Sugar Bowl, L 10–28 vs. Nebraska
- Conference: Southeastern Conference

Ranking
- Coaches: No. 16
- AP: No. 15
- Record: 8–3–1 (4–1–1 SEC)
- Head coach: Bill Arnsparger (1st season);
- Offensive coordinator: Ed Zaunbrecher (1st season)
- Defensive coordinator: John Symank (1st season)
- Home stadium: Tiger Stadium

= 1984 LSU Tigers football team =

American college football season

The 1984 LSU Tigers football team represented Louisiana State University (LSU) as a member of the Southeastern Conference (SEC) during the 1984 NCAA Division I-A football season. Led by first-year head coach Bill Arnsparger, the Tigers compiled an overall record of 8–3–1, with a mark of 4–1–1 in conference play, and finished second in the SEC.

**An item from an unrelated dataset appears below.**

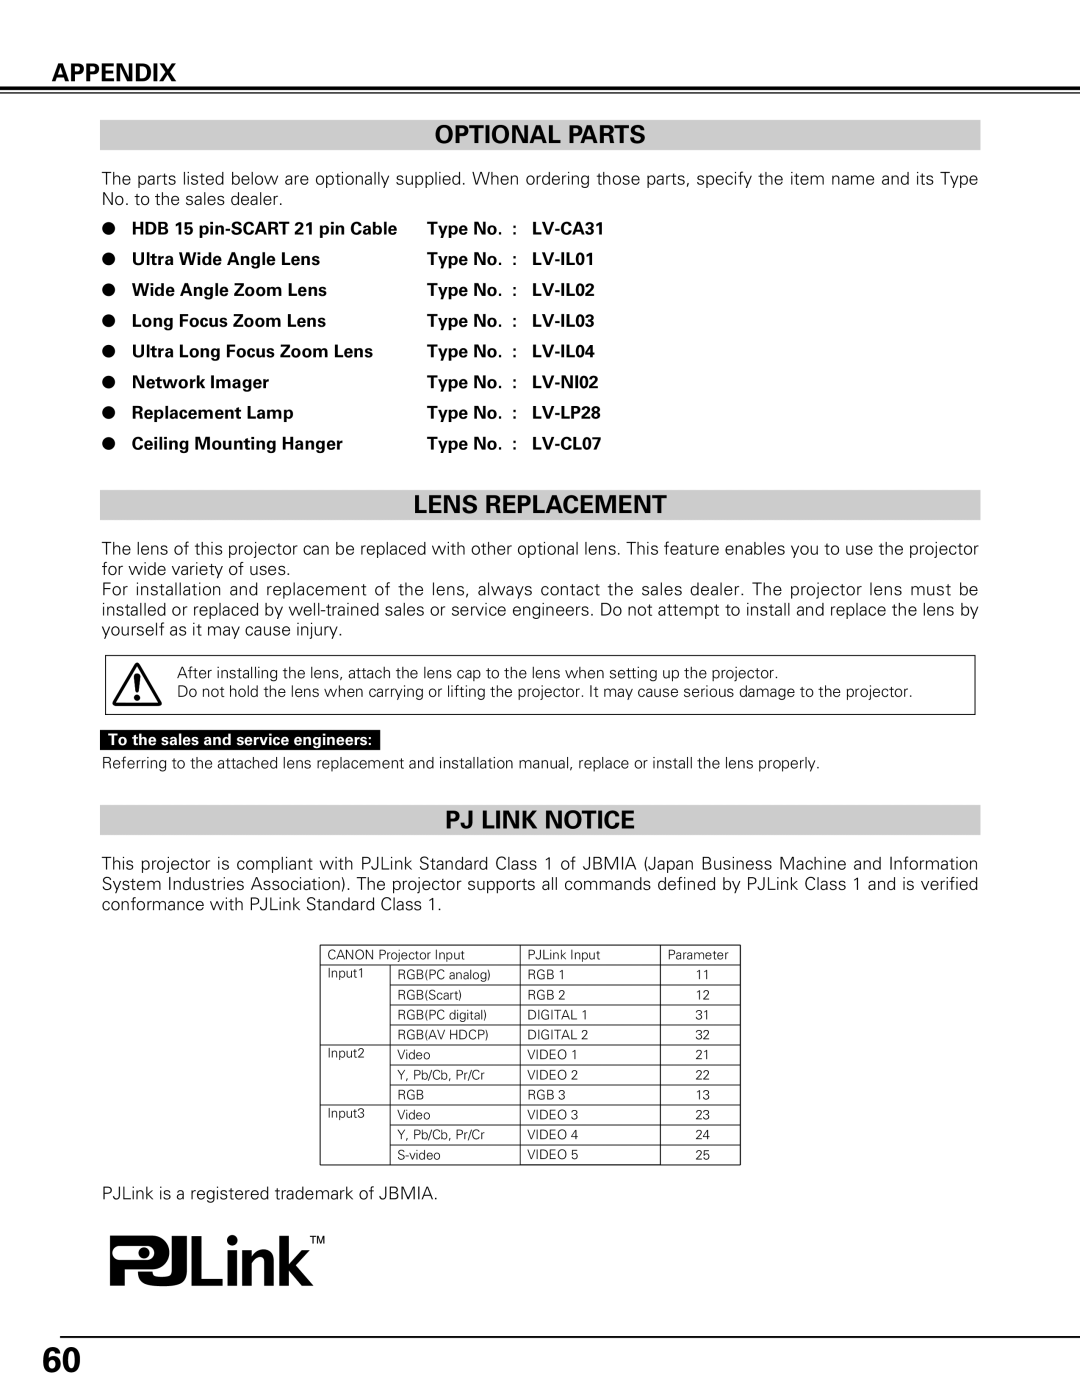 Canon LV-7575 user manual Appendix Optional Parts, Lens Replacement, Pj Link Notice

The Tigers were awarded the SEC's automatic invitation to the Sugar Bowl when conference champion Florida was declared ineligible for the title due to NCAA violations committed by coach Charley Pell, who was fired three games into the season (coincidentally, Pell's penultimate game was a 21-21 tie vs. LSU). Auburn's opportunity to return to the Sugar Bowl was ended by Alabama, which was wrapping up its first losing season since 1957, in the Iron Bowl. It was LSU's first Sugar Bowl appearance since the 1967 season.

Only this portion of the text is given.